Within the data that follows, tally every line containing "Best". Provide only the tally.
====== MATERIAL PROVIDED ======
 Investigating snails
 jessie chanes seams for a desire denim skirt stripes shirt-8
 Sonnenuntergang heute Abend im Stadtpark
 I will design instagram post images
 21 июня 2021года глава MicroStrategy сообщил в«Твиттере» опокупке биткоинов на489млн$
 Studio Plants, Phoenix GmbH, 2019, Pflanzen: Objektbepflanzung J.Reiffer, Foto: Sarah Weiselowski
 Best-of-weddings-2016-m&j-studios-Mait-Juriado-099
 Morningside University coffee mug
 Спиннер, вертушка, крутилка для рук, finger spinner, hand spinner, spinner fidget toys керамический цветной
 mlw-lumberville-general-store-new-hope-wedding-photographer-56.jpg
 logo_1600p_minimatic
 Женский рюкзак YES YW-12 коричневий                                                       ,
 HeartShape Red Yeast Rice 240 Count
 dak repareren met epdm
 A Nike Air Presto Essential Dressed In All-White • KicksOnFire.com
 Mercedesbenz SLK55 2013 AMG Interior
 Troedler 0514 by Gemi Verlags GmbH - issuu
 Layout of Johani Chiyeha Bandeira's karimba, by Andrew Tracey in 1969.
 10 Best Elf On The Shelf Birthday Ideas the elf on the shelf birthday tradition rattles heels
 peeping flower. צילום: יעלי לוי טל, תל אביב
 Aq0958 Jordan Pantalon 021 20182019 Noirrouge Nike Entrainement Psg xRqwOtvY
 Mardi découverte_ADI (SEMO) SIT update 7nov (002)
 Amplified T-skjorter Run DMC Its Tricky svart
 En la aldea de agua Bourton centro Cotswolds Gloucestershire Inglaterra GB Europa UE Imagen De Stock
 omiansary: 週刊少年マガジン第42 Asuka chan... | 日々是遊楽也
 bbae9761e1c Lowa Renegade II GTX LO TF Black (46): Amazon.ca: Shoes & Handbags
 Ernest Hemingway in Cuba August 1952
======
**TASK RESULT**
2